▶ _WHAT THE TASK REQUIRES_:
Transcribe everything in the listing as written, and let no image into the copy.

▶ _RECORDED DATA_:
%%

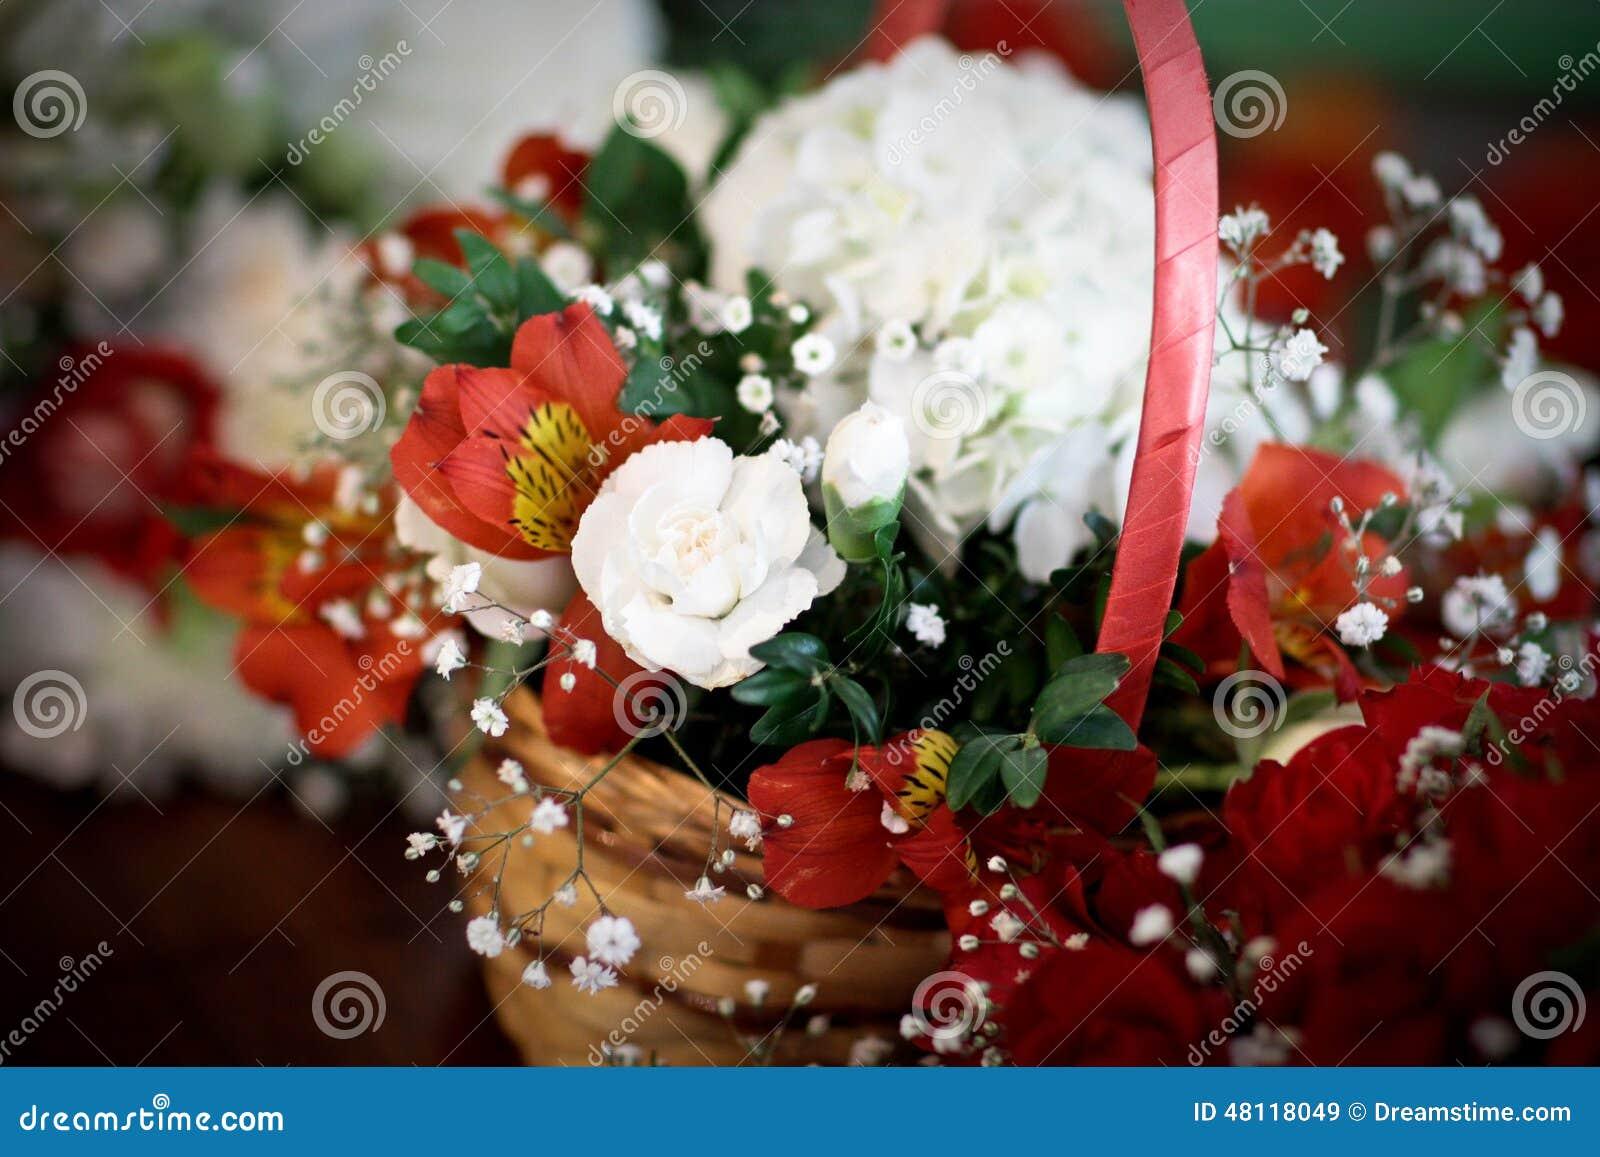 Ο γάμος ανθίζει flowergirl το καλάθι posie των κόκκινων και άσπρων λουλουδιών
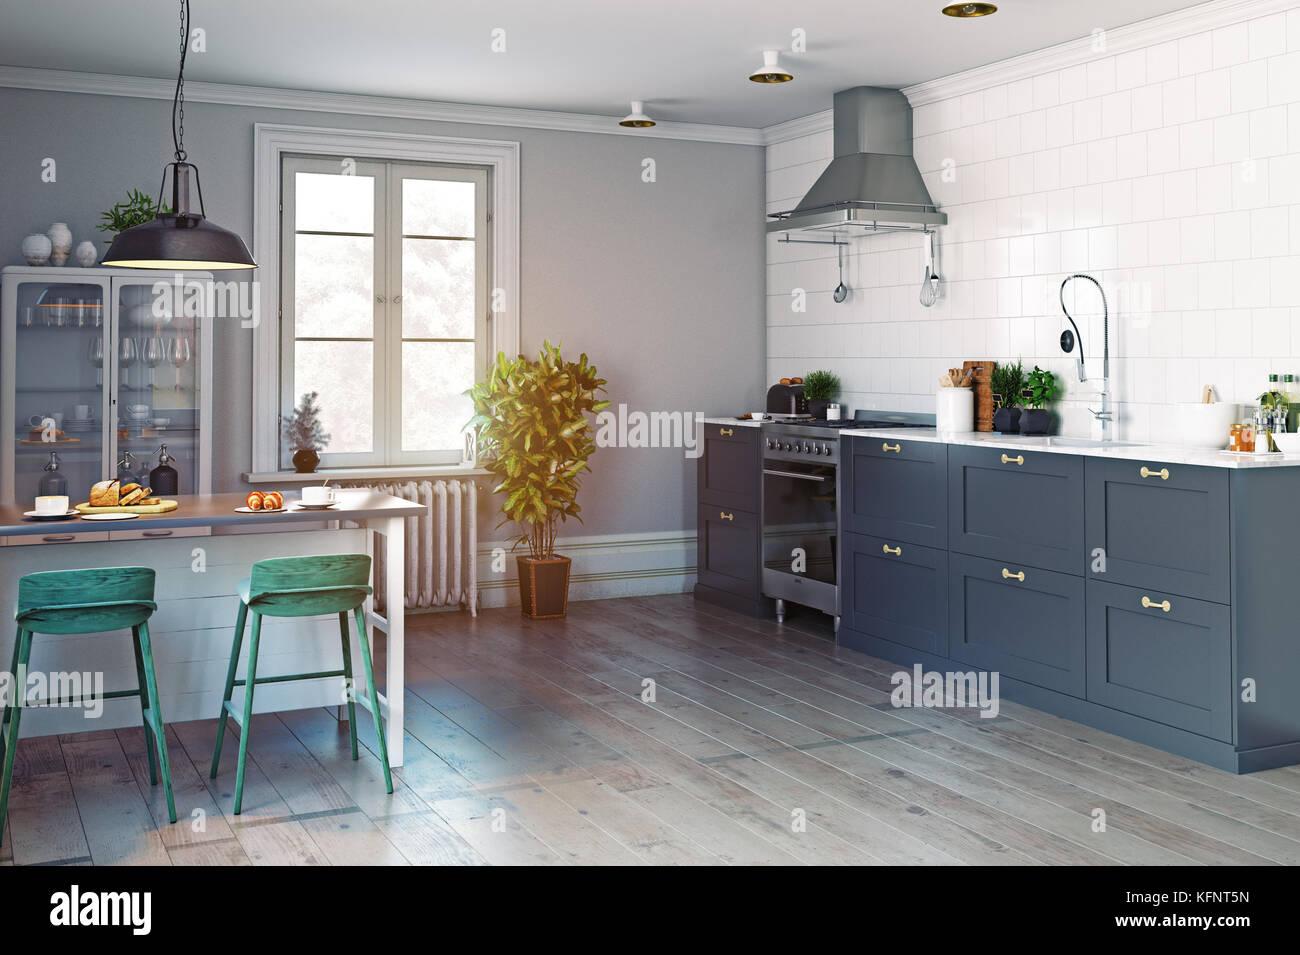 Cucina moderna con interni. uno stile scandinavo. 3D rendering concept Immagini Stock
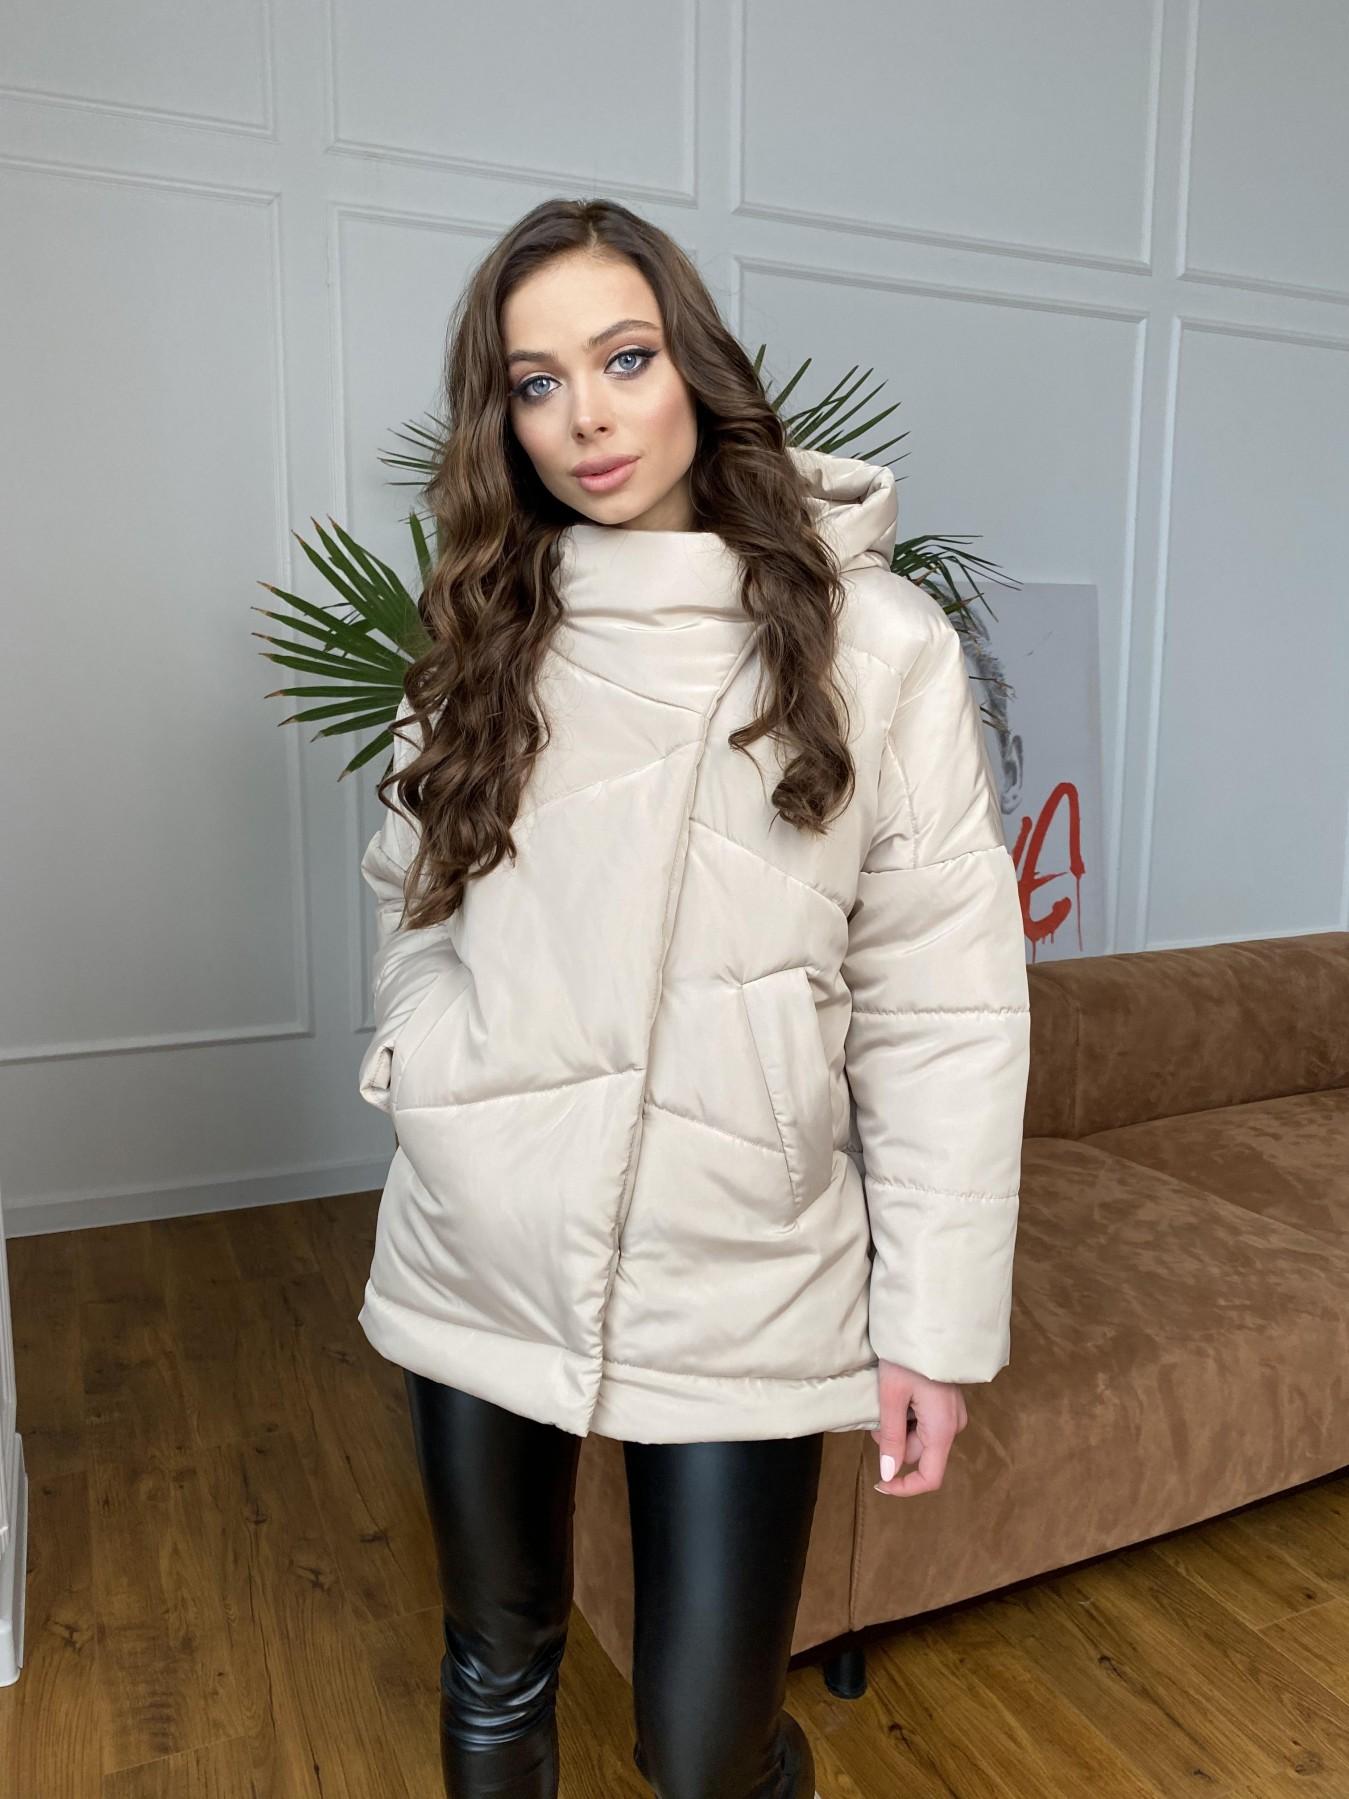 Уно куртка плащевка Ammy 10671 АРТ. 47476 Цвет: Бежевый - фото 4, интернет магазин tm-modus.ru

%%

▶ _EXERCISE ANSWER_:
 Ο γάμος ανθίζει flowergirl το καλάθι posie των κόκκινων και άσπρων λουλουδιών
 Cucina moderna con interni. uno stile scandinavo. 3D rendering concept Immagini Stock
 Уно куртка плащевка Ammy 10671 АРТ. 47476 Цвет: Бежевый - фото 4, интернет магазин tm-modus.ru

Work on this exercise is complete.